__EXERCISE BRIEF__
Could you write out, exactly as they stand, only the lines in the listing below from the line with "Stöpselflasche, mit 7" to the line with "Gesetzblatt (GBl.) der", both ends included, without the pictures?

__INPUT__
□ □ □ □ □
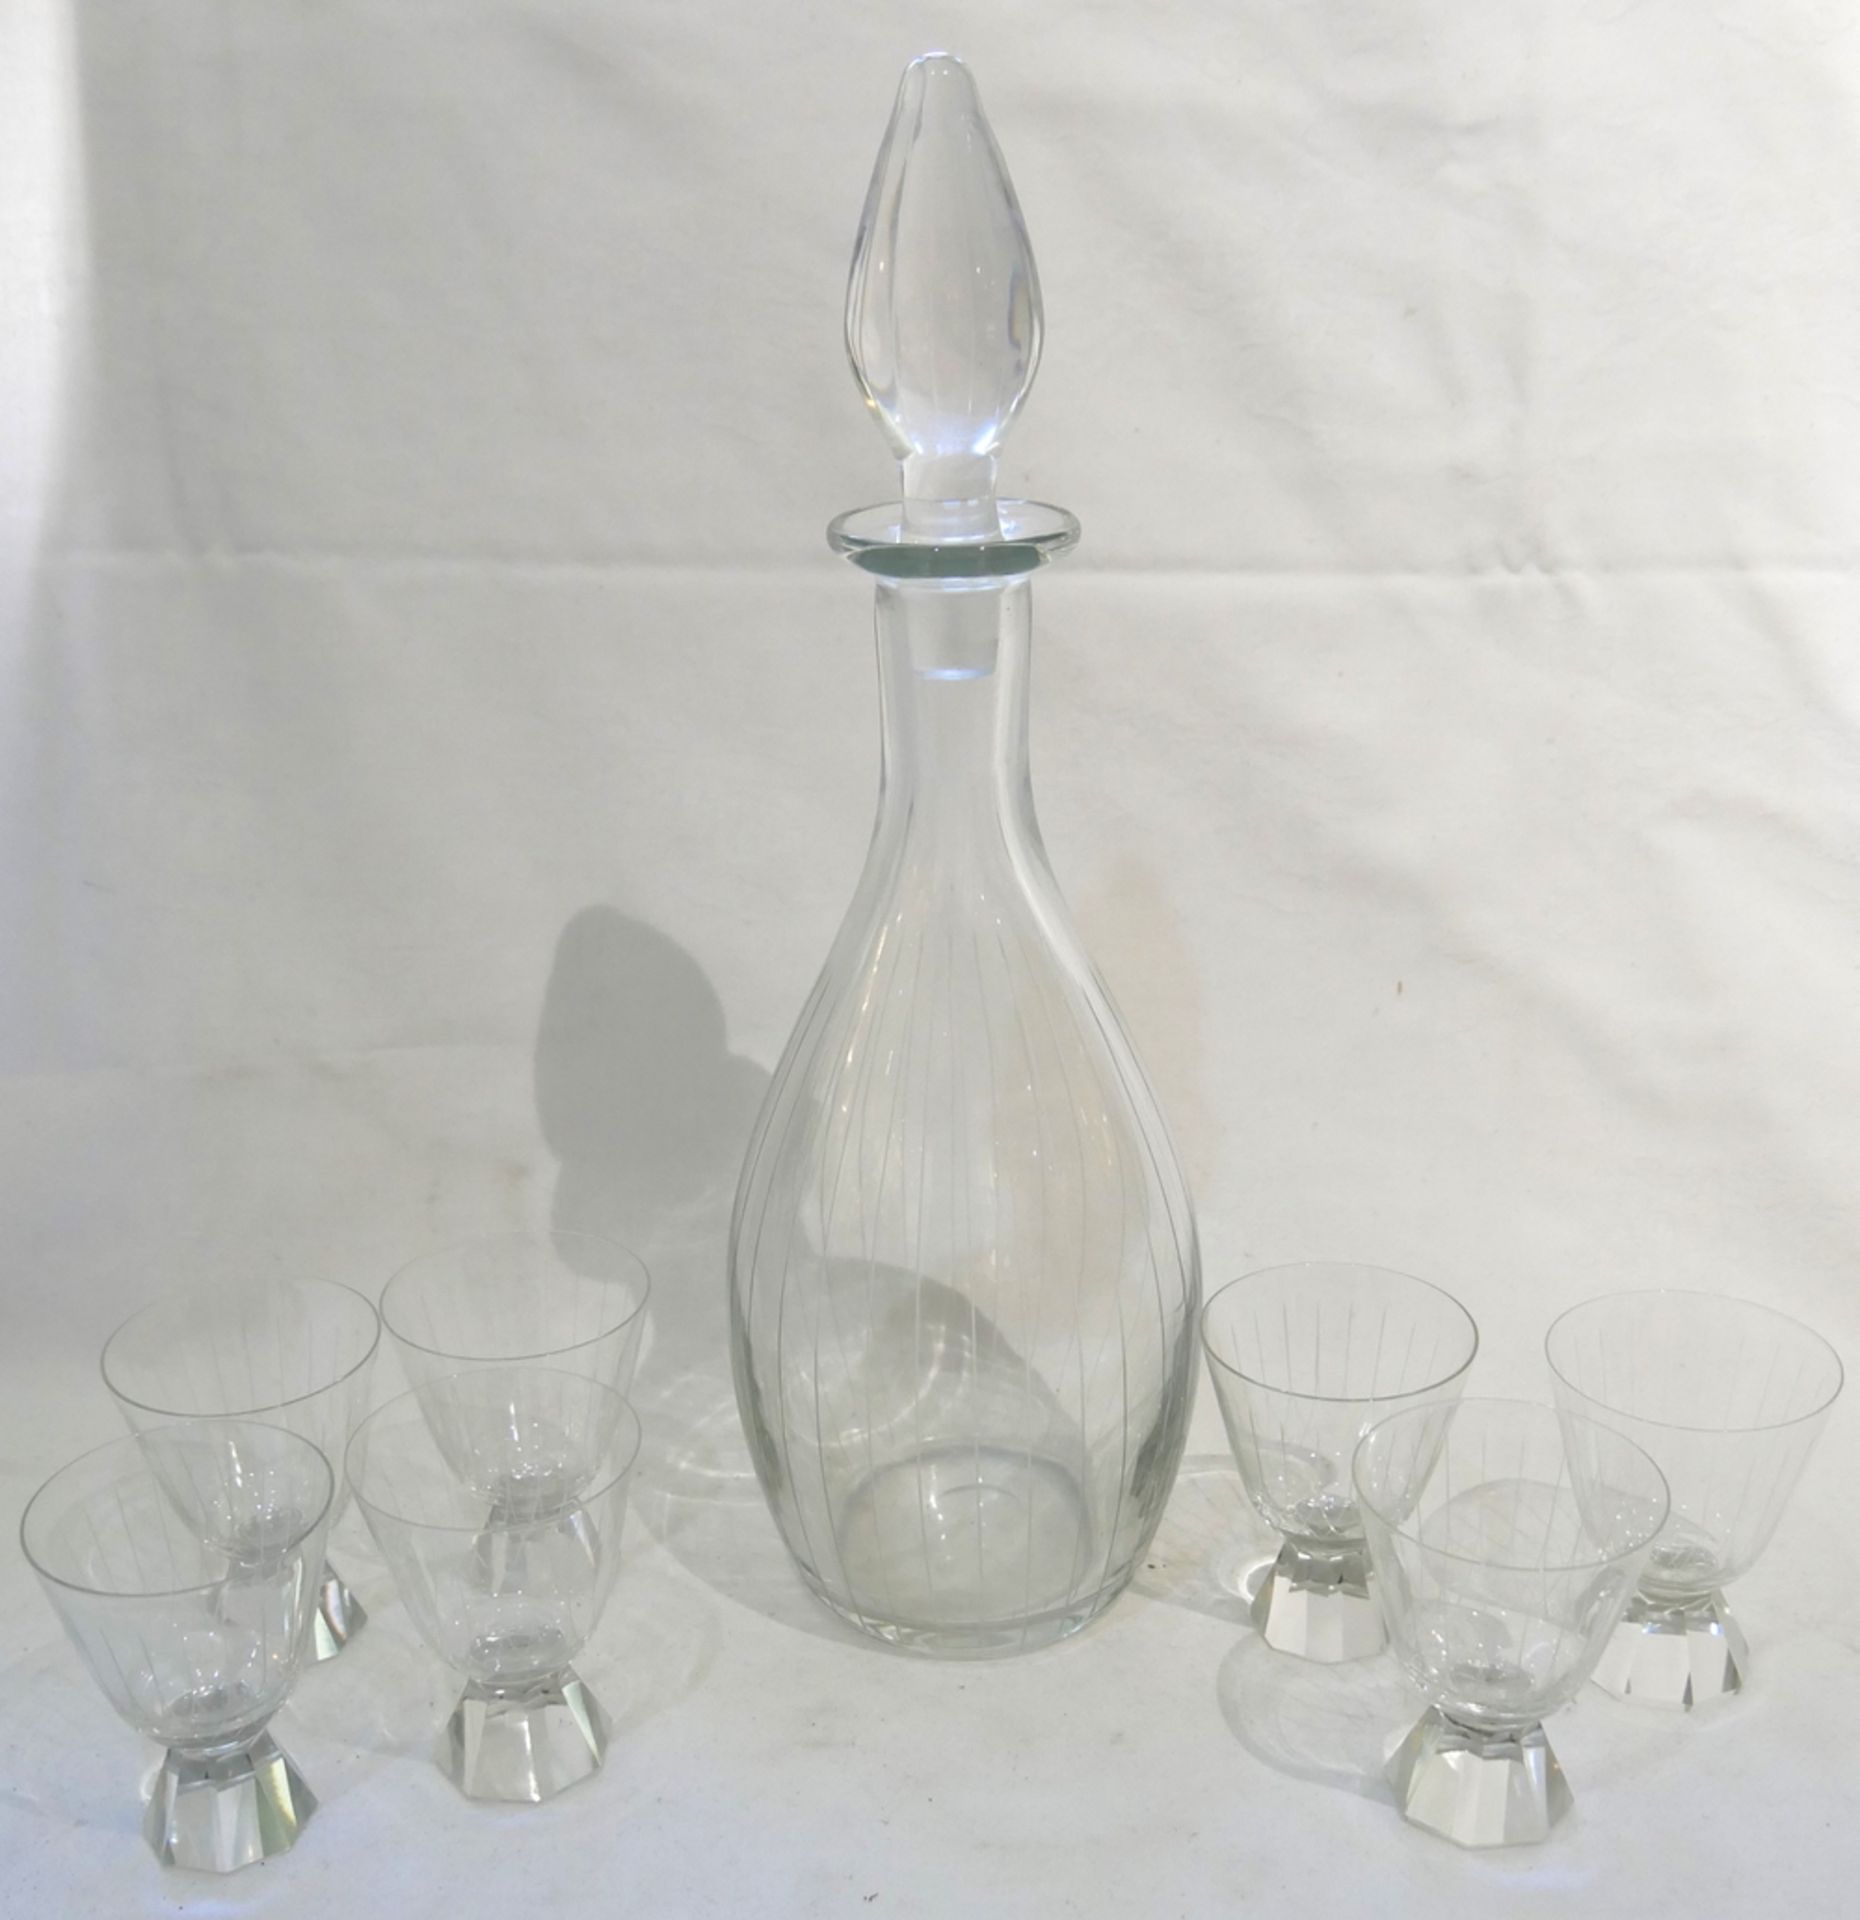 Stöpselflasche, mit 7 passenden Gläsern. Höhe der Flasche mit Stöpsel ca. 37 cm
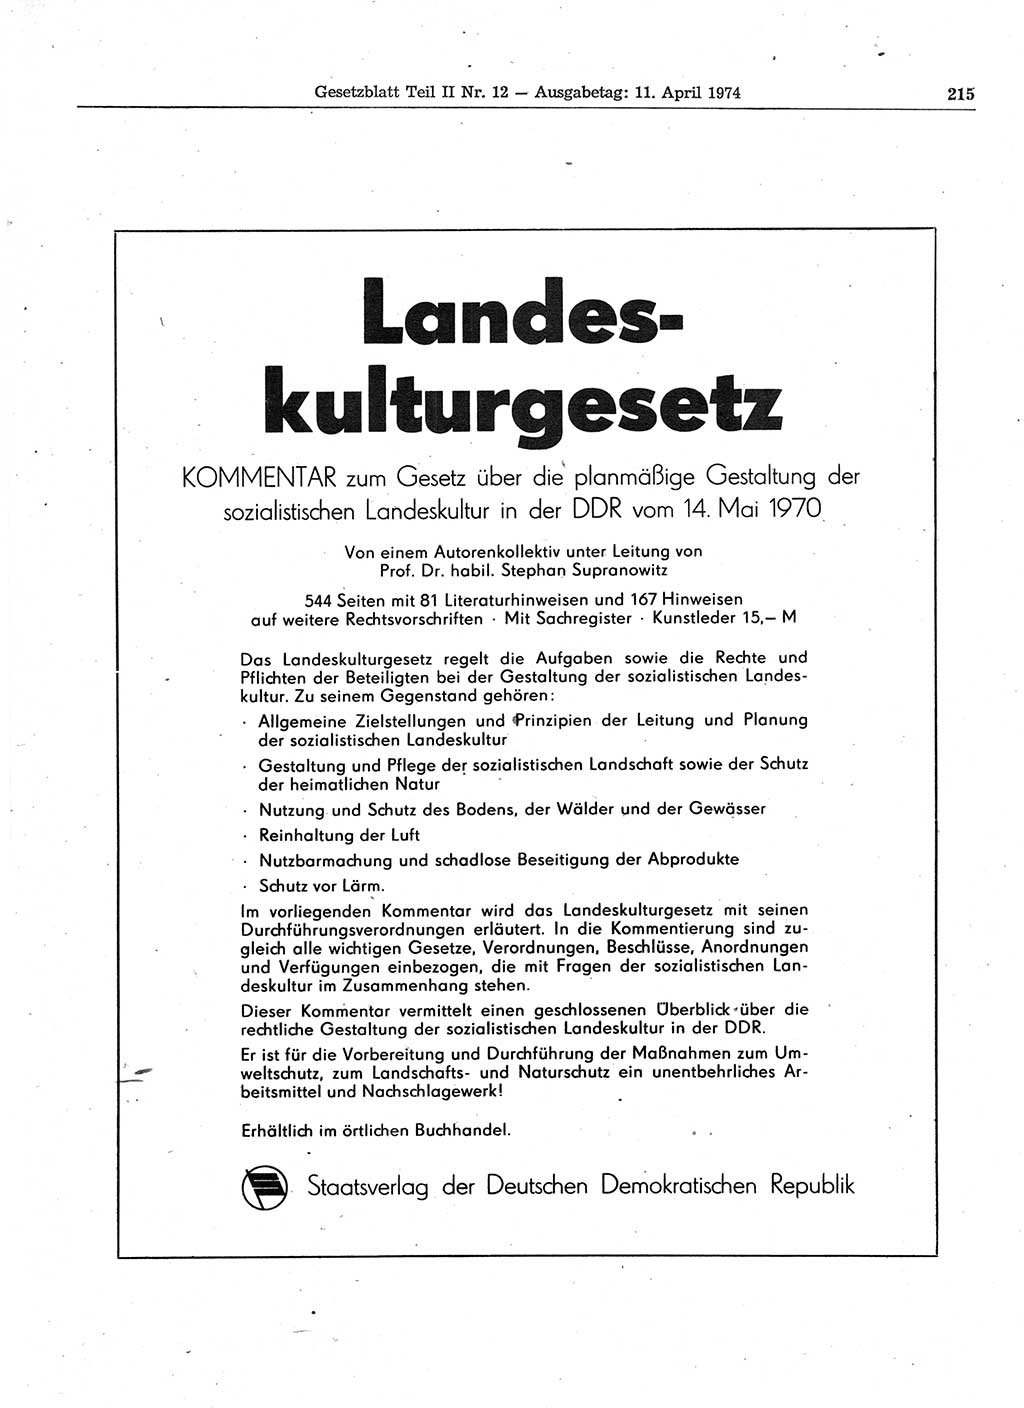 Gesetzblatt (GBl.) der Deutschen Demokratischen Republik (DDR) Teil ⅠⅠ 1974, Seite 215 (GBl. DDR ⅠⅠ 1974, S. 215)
□ □ □ □ □
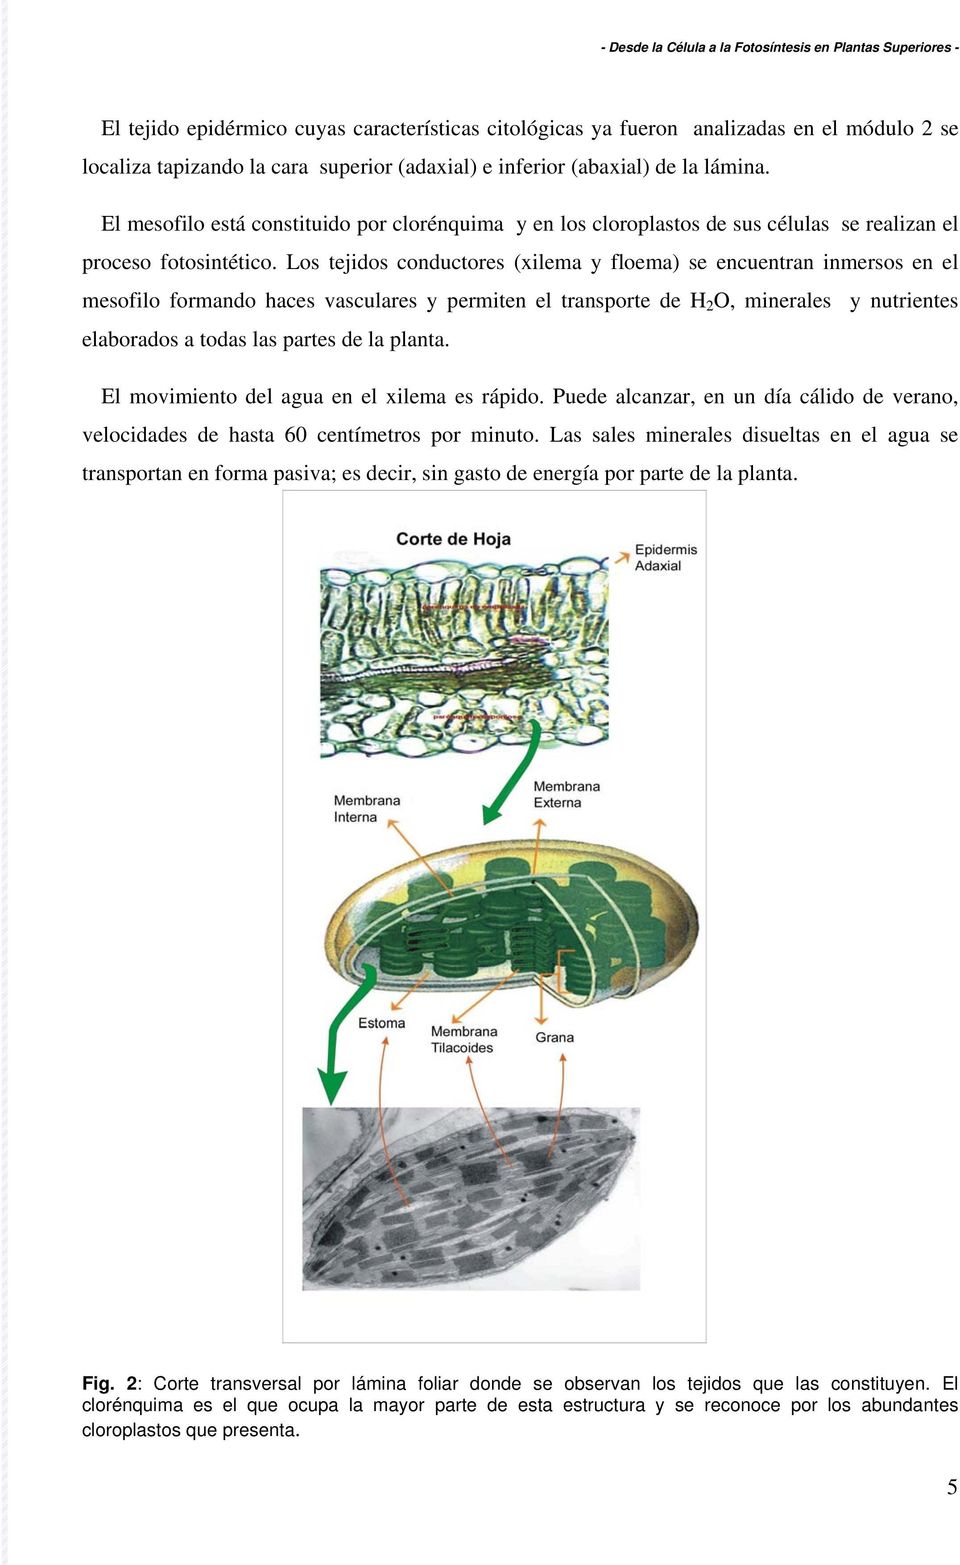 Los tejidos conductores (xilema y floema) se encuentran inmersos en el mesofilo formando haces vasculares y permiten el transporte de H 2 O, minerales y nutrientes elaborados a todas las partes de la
□ □ □ □ □
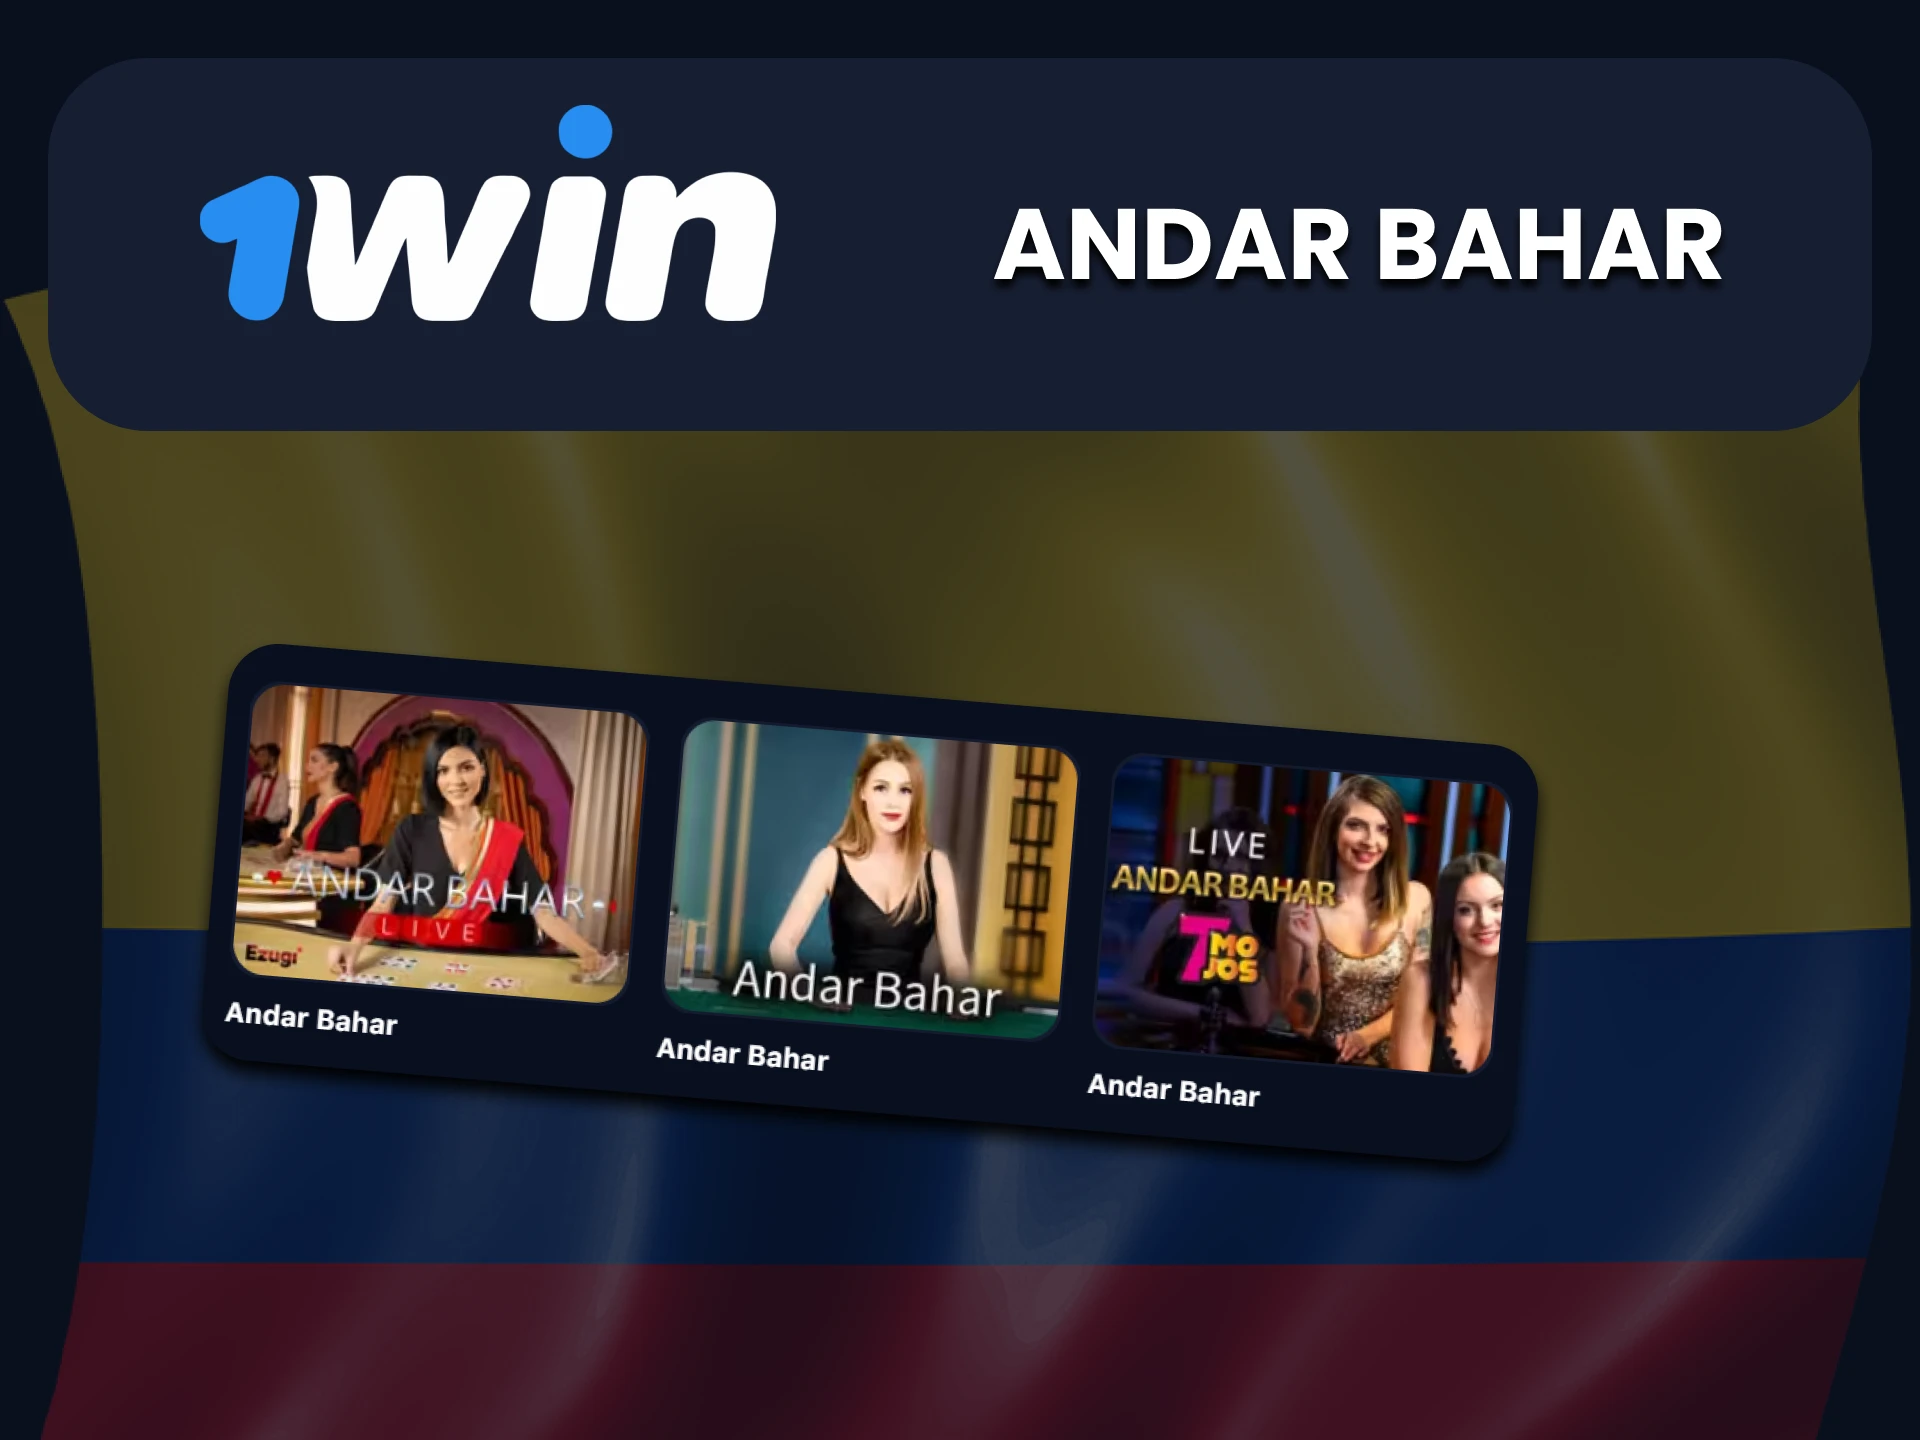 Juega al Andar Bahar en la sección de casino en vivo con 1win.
□ □ □ □ □
__RESULT__
 Stöpselflasche, mit 7 passenden Gläsern. Höhe der Flasche mit Stöpsel ca. 37 cm
 Gesetzblatt (GBl.) der Deutschen Demokratischen Republik (DDR) Teil ⅠⅠ 1974, Seite 215 (GBl. DDR ⅠⅠ 1974, S. 215)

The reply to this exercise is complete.